# What this task involves:
Would you please transcribe the data in full and exactly, excluding images?
### Information provided
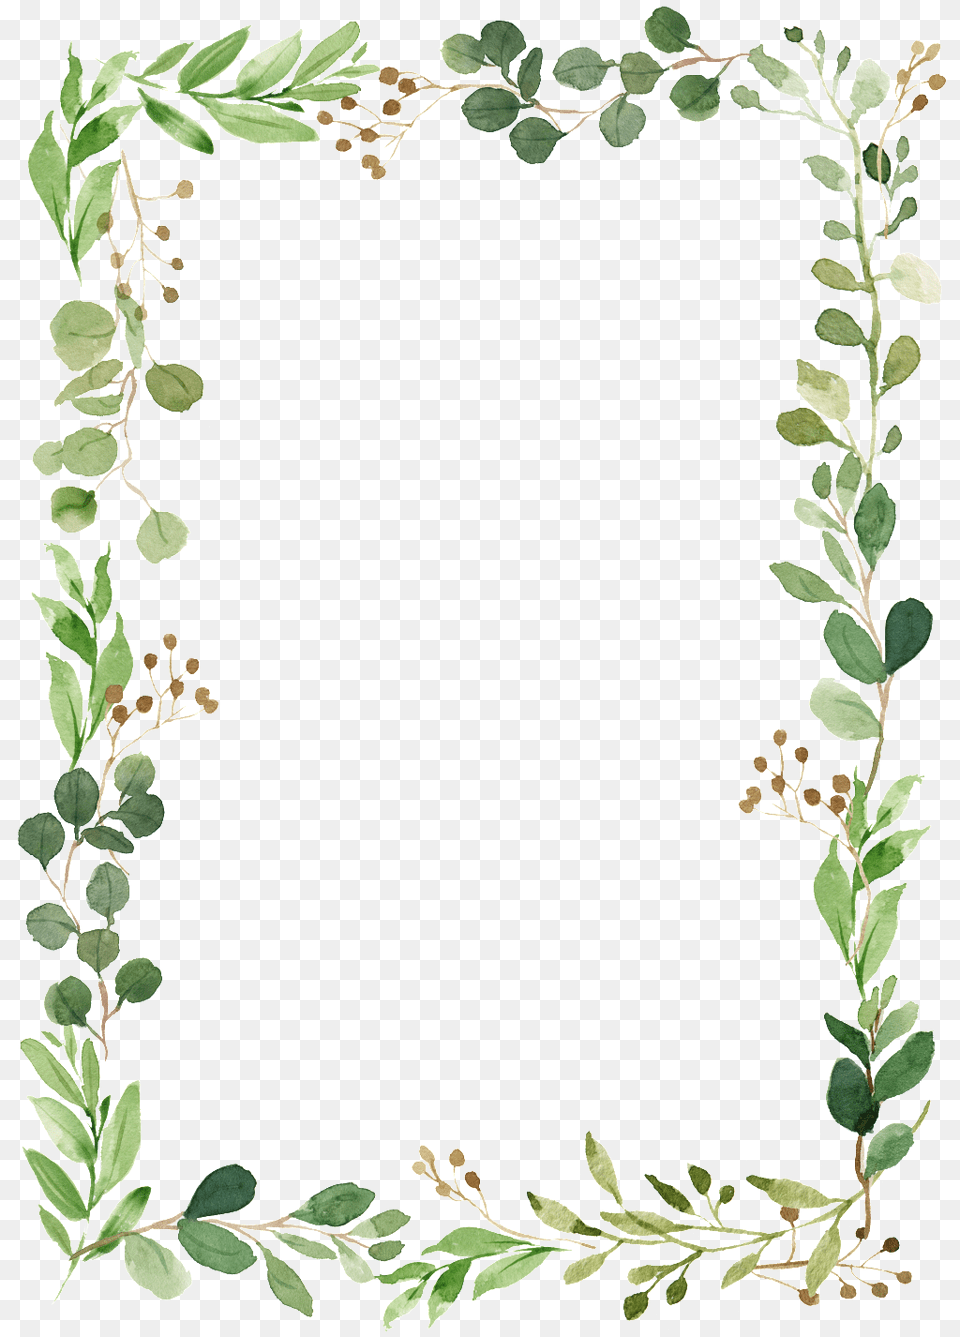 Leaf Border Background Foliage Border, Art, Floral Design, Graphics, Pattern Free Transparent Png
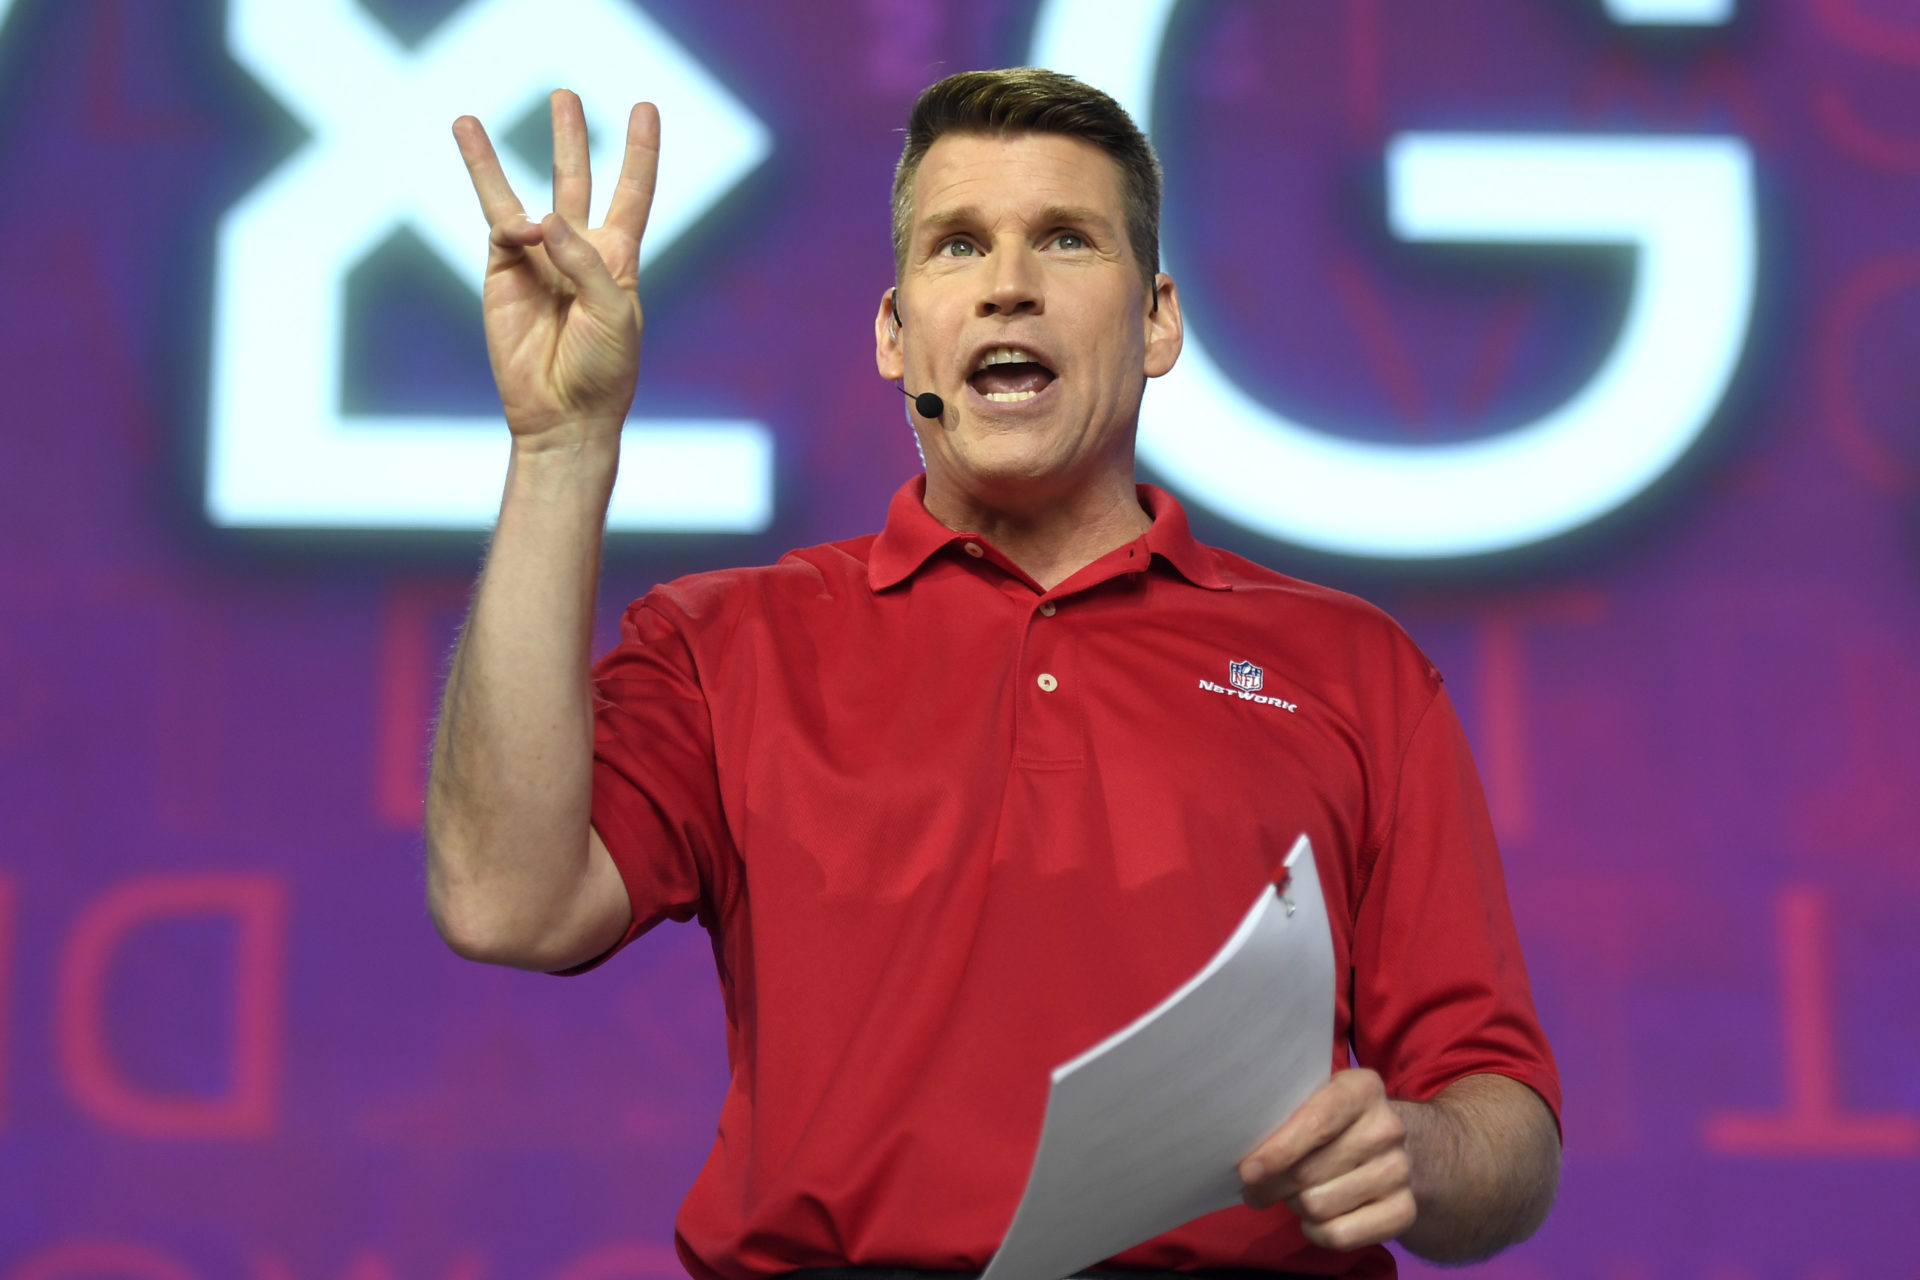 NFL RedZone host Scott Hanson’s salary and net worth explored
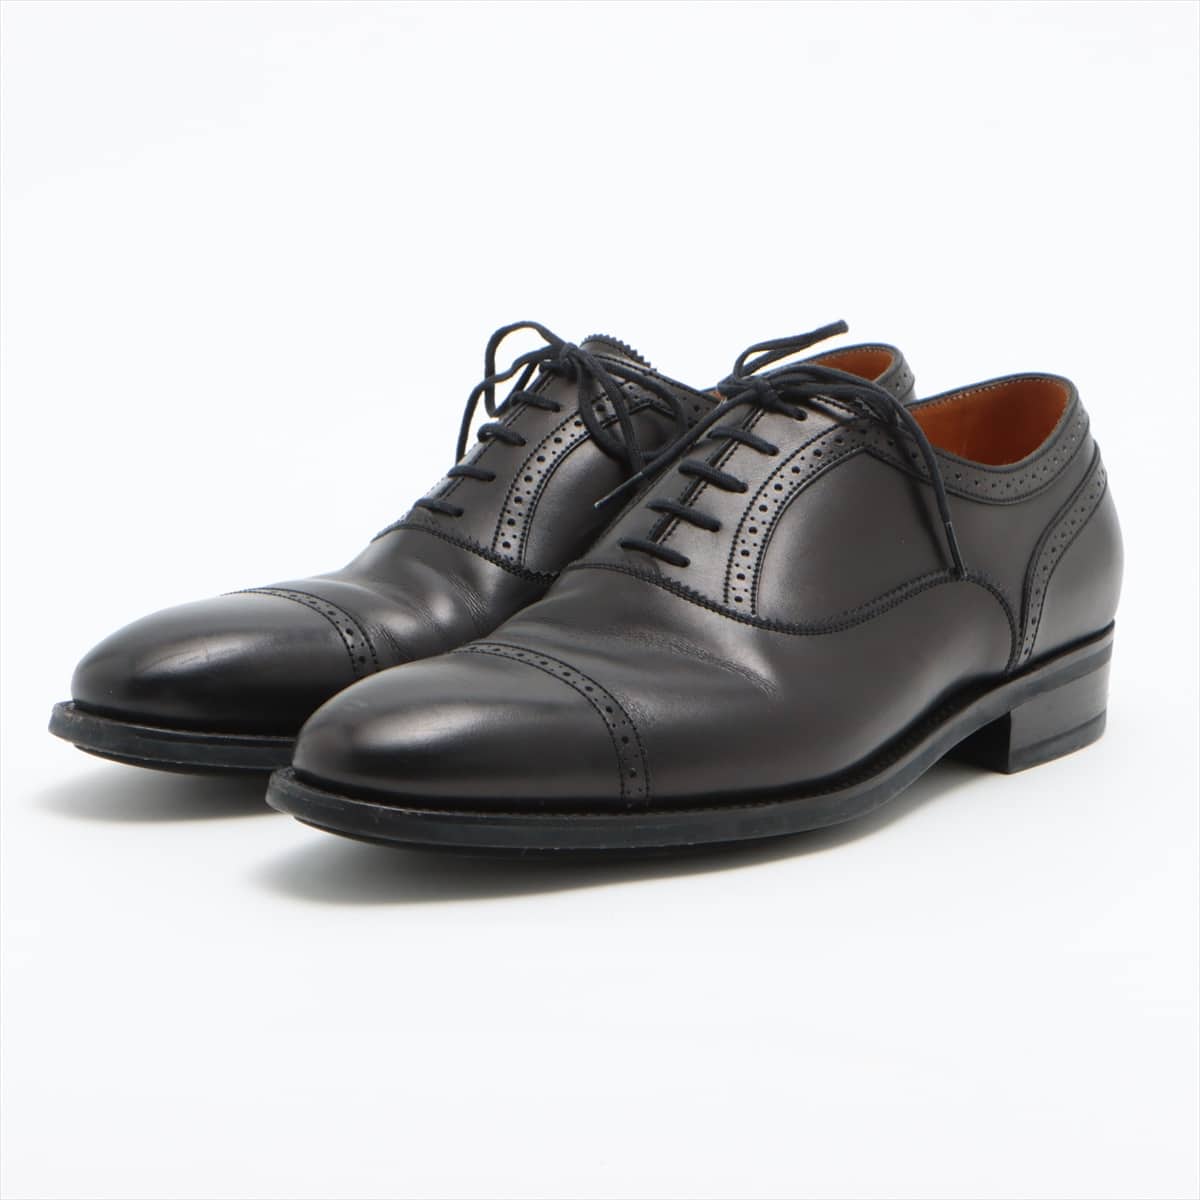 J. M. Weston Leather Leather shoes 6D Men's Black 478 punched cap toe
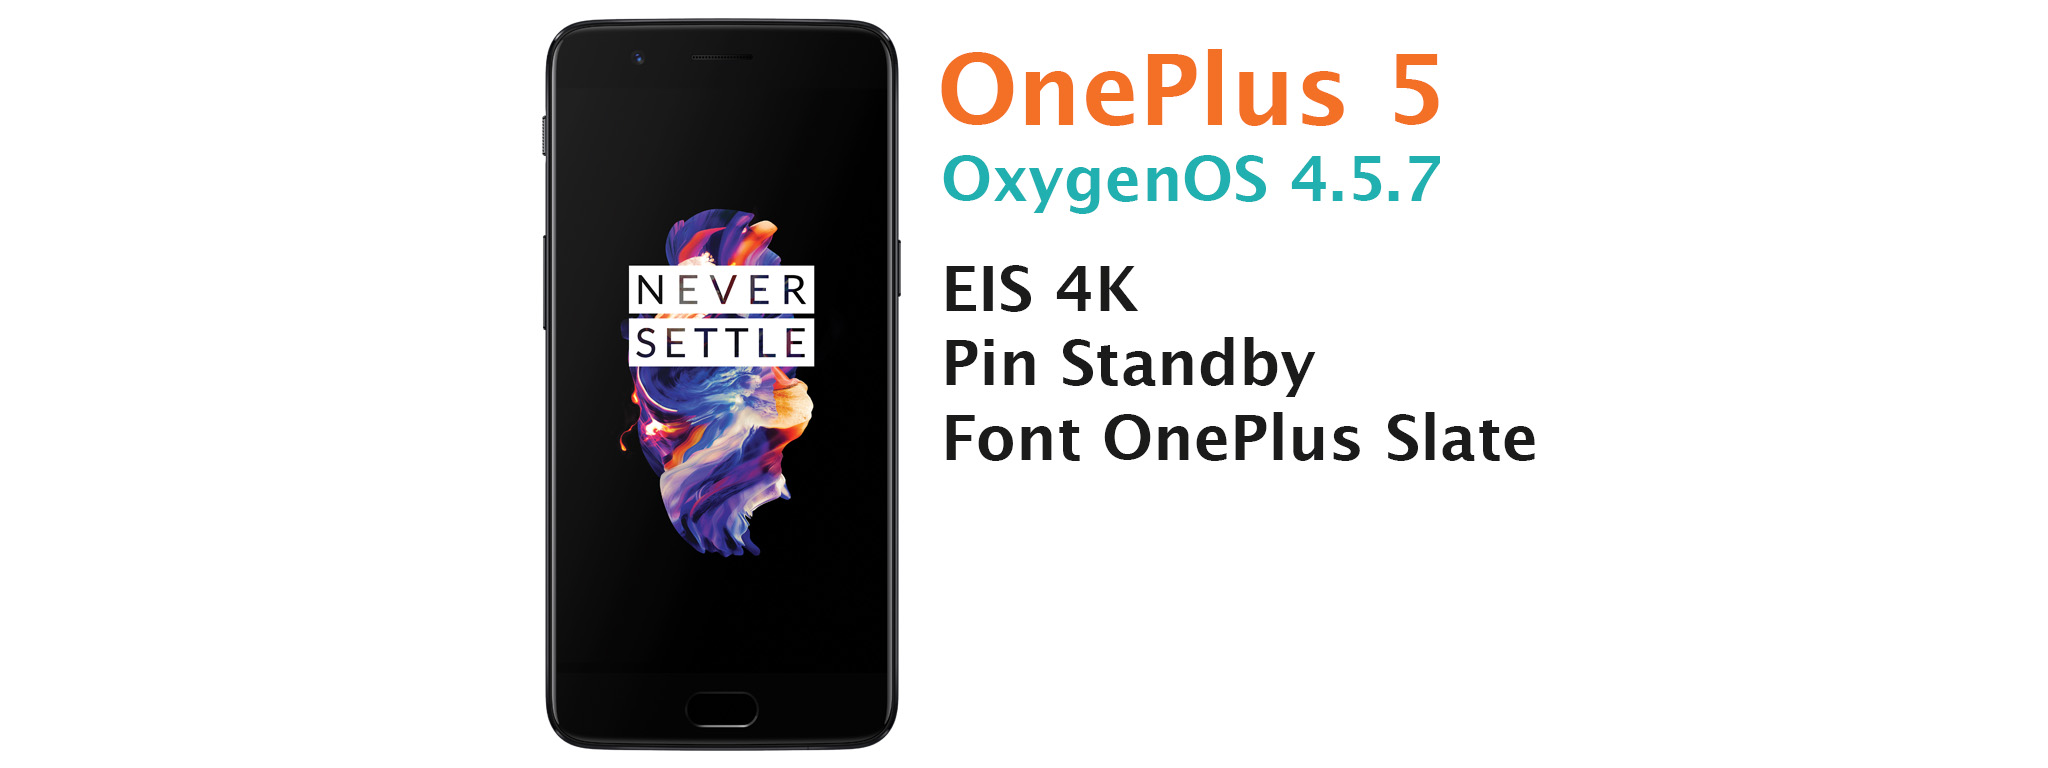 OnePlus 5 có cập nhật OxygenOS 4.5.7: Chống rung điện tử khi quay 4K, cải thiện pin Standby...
######
# Completed task:
 Leaf Border Background Foliage Border, Art, Floral Design, Graphics, Pattern Free Transparent Png
 NFL RedZone host Scott Hanson’s salary and net worth explored
 J. M. Weston Leather Leather shoes 6D Men's Black 478 punched cap toe
 OnePlus 5 có cập nhật OxygenOS 4.5.7: Chống rung điện tử khi quay 4K, cải thiện pin Standby...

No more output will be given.